Meetings in Saudi are usually carried out in hotel lobbies bustling with people having tea and coffee. During Ramadan, hotels are much quieter: a solitary businessman might come in, open his laptop and start working; others just lounge on the plush couches. I noticed how, without refreshments, the few meetings we had during the day had no natural punctuation: no last sip of coffee signalling the end; no fight over the bill, usually ending in a win for Saudi hospitality.
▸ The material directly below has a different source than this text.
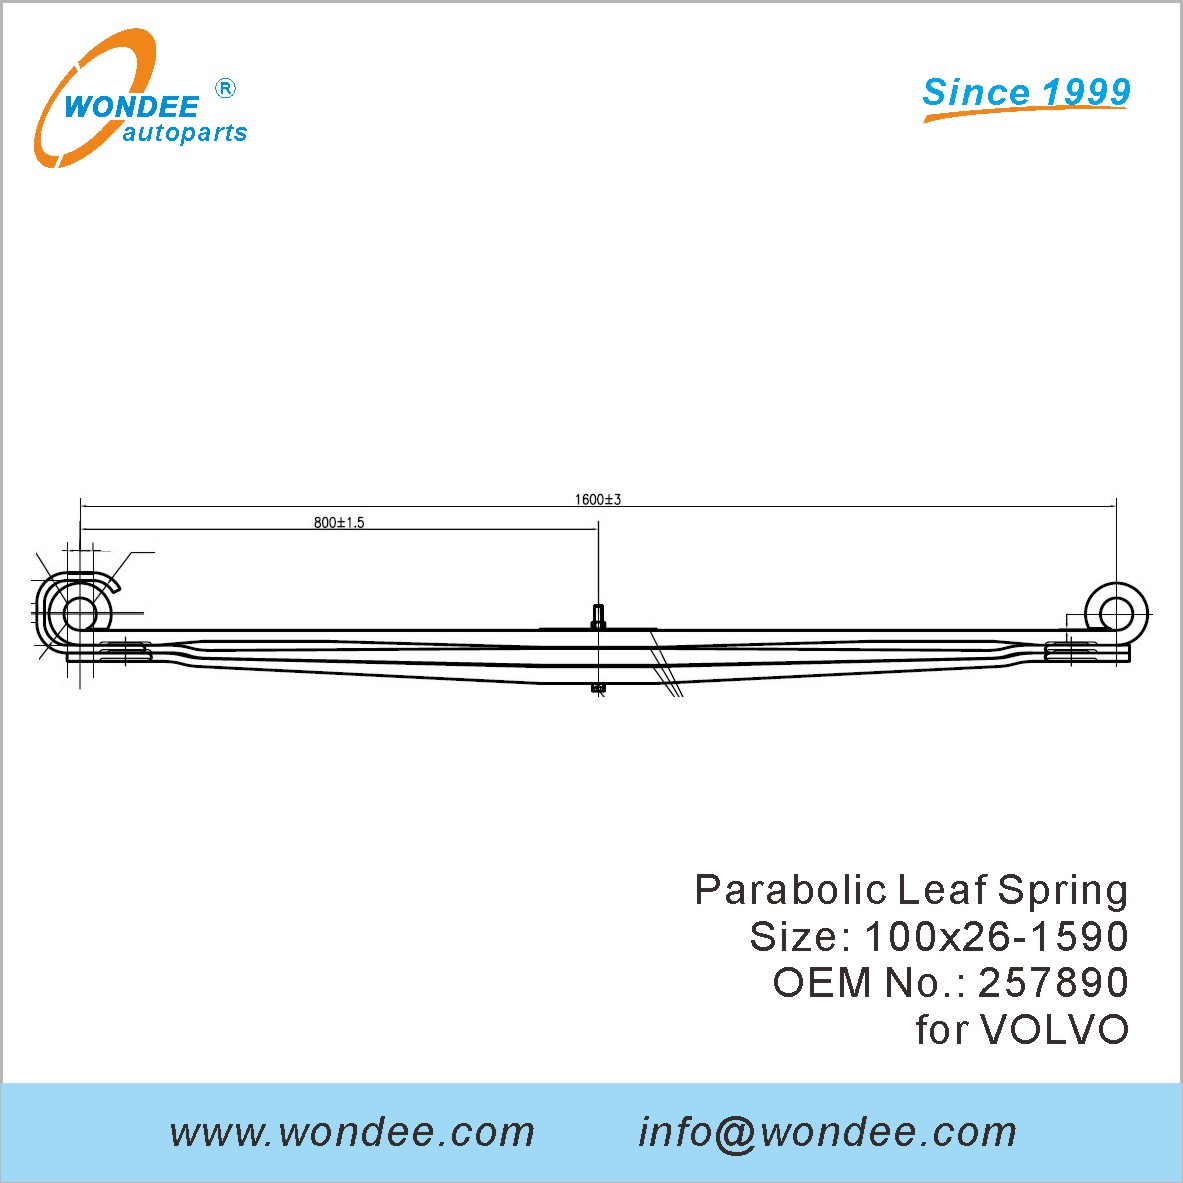 WONDEE heavy duty parabolic Leaf Spring OEM 257890 for VOLVO

Saudis are religious, but few appear to adhere to the strong creed of the official religious establishment which conflates tradition with religious practices. Privately, many Saudis criticise the rules against women driving and the mixing of unrelated men and women. None, however, grumbles about Ramadan. Despite it being more strictly enforced than in other countries in the region, it is seen as a time for celebration, for getting closer to God and family – as well as watching the year’s best new TV series and eating large meals after sunset. Most reckon that fasting is easy.

I did enjoy the festivity that came in the evenings. Many meetings started at 9pm, in time for iftar – the breaking of the fast. Malls were full of families shopping amid the decorations. Young people gathered to eat cakes at Paul and Ladurée, French patisseries.

But on my return to Beirut, the most laid-back, and religiously mixed country of the region, I couldn’t help feeling glad to spend the rest of Ramadan here. In Beirut, restaurants and cafés are open all day. Many people fast, but many – including Muslims – don’t. But the celebrations at the end of a long day are just as fun, and open to all.